第6章 祭祀与生辰
“你所求之事没戏,别跪着了吧。”谢南栀为其遮住直射的阳光,发间珠帘透着光晃动慕景琛琥珀色的眼眸。
“嗯。”
“嗯?你早知道呀。”
“是的,但是求事贵在持之以恒。”慕景琛起身拍拍膝盖上没有的灰尘,活动酸涩的腿脚。
两人同步在皇城青廊间,谢南栀放缓步伐:“皇帝说皇后中毒需要一味叫北境雪莲的药引,想来很是珍贵。现在帝都只有你存有,可否让她几分。”
“你说的是莲花甘露?昨天你还尝过,味道不错吧?”慕景琛说道,两人都觉昨晚的清香又飘在空中。
“竟是那玩意。”谢南栀吃惊于这稀贵之物,他说做茶点便做了,皇宫急得四处寻求。
“你若喜欢明儿我找人送你府上,北境多的是。”
“好啊,你匀出皇后的分量,其余送来谢府,就当三年未见的见面礼。”谢南栀也不客气,可见是真的喜欢那甘露。
慕景琛鼓掌,称赞:“世人都说谢南栀被宠上天,目中无人,锱铢必较。又言你与二哥情投意合,坊间现在都在传言,王向婉抢了你命定的皇后位。现在看来,你还是心怀大爱之心。”

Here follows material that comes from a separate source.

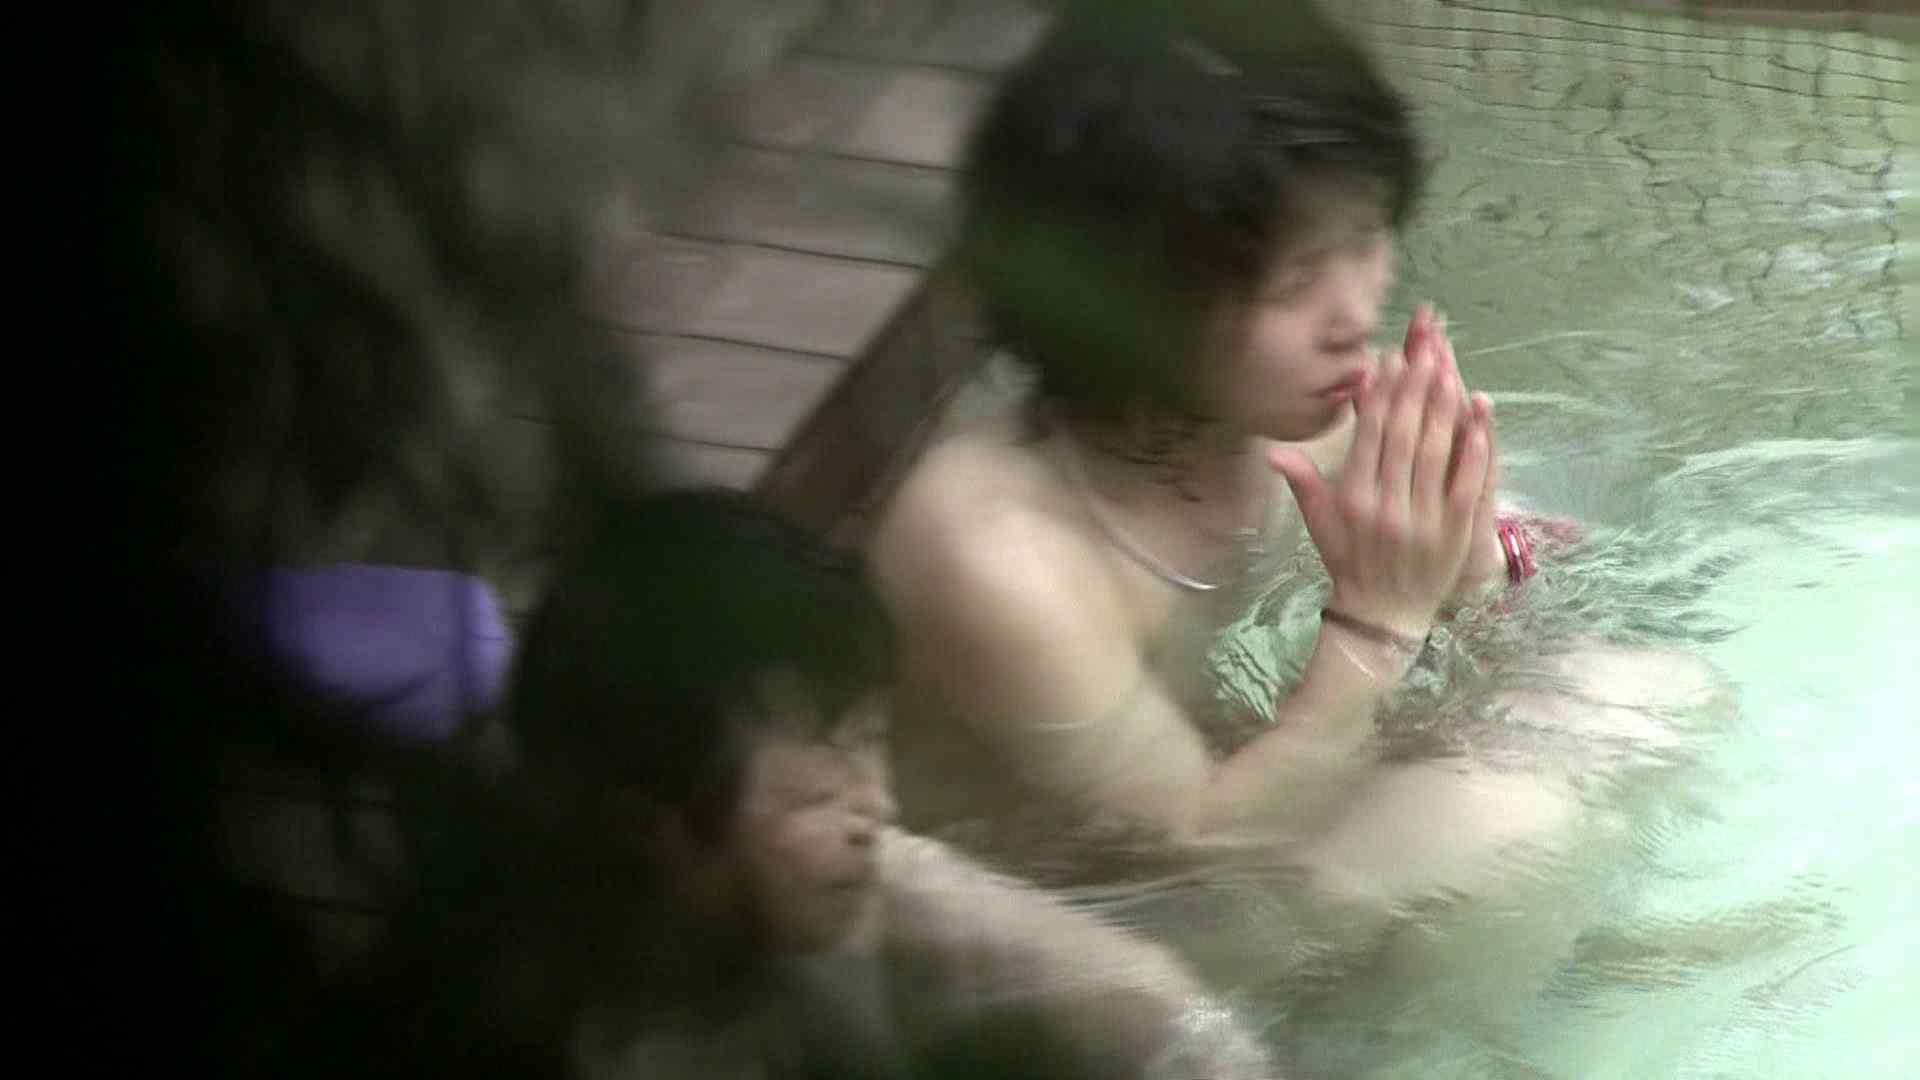 Aquaな露天風呂Vol.655 盗撮  70画像 30

“你知道的。”到了皇城外,谢家马车等在一侧,“我向来不争权势,不信老道人所言。”
“我知道。”慕景琛为她掀开车帘,“你只求问心无愧,随心所欲。”
帘子一放,光线变暗,慕景琛哑声贴近:“我知帝都百姓传言不真,但面对茫茫白雪,我行不出,只能心中总是不安。”

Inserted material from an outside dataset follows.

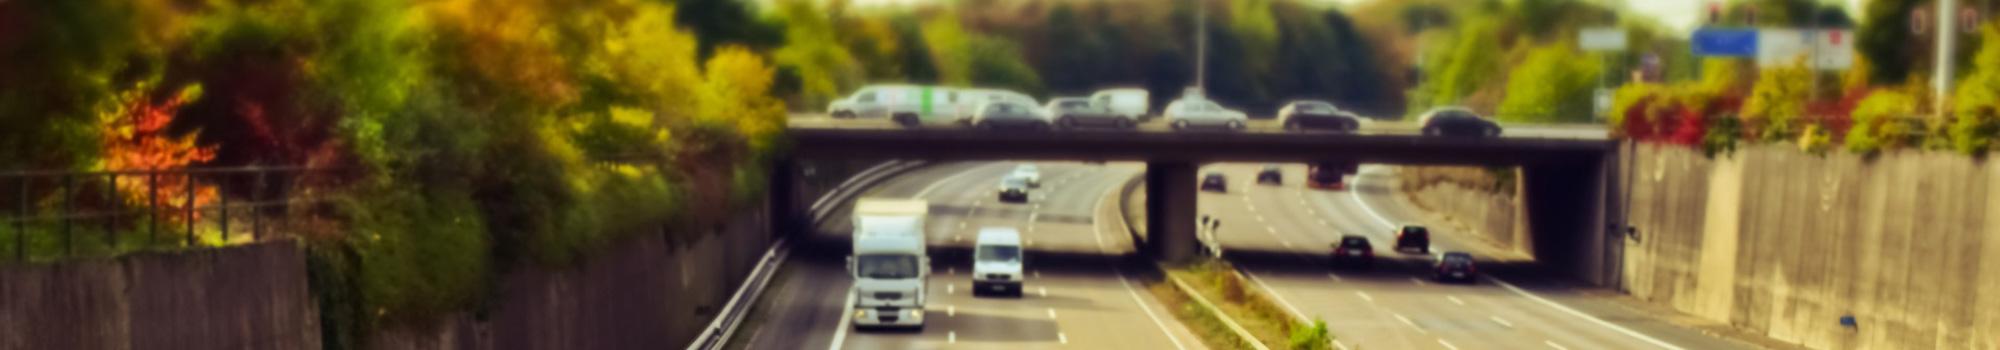 Highway view.

话音刚落,两人相吻,唇间又弥漫起甘露的香甜。动情之间,谢南栀发间的珠帘终于乱做一团,慕景琛随手将其卸下,加重这个吻。
“栀栀,那这算我向你求得的见面礼。”慕景琛含笑告别,留谢南栀在自家马车上不知所措,鼻尖是散不去的雪松香。
新皇登基,大赦天下。两个月转眼即逝,百废待兴,慢慢复苏。六月十五,一个良辰吉日,是皇后册封典礼。
这天谢府天没亮便灯火悄然亮起,一家五口人,骑着骏马向着后山。后山山顶有一片真正的栀子花海,林诗阮埋葬在朝着西边谢家军的方向,保佑太太平平。家眷们一一上前祭拜,栀子花铺满墓顶。这日谢南栀话总是很少,一家人留下父亲谢昊泽在山上叙旧,四人骑着马下山。上马前,大嫂将谢南栀被风吹乱的发丝别于耳后,大哥二哥骑着马靠近,每年他们都会从山中摘得一束最新鲜的栀子花束给谢南栀。
“南栀,生辰快乐。”大哥温柔道,递出一束栀子花,二哥同样也是温柔的目光看着小妹。
谢南栀垂着目光接住,拿着花骑马跑远了。
“不用管小妹吗?”大嫂担心问。
“不用。”大哥苦涩笑着。
骏马疾驰来到福鸣寺,福鸣寺坐落在帝都东门外,是皇城附近最高的山。与高大森严的清正殿遥遥相望,历代专为皇族祈福使用。最新一代住持在三年前上任,法号济真,年仅二十三岁。
谢南栀拎着山下买的清酒和小吃,准备上山找济真。每年祭祀母亲后,来福鸣寺的习惯是她自会骑马时就保持着。他们相识于某年皇族祭祖,济真小和尚协助老和尚行事。那时无人在意的后殿有只腿受伤的小马,被济真小和尚小心处理。谢南栀便记住这个长得跟瓷娃娃般,医术高超的小和尚。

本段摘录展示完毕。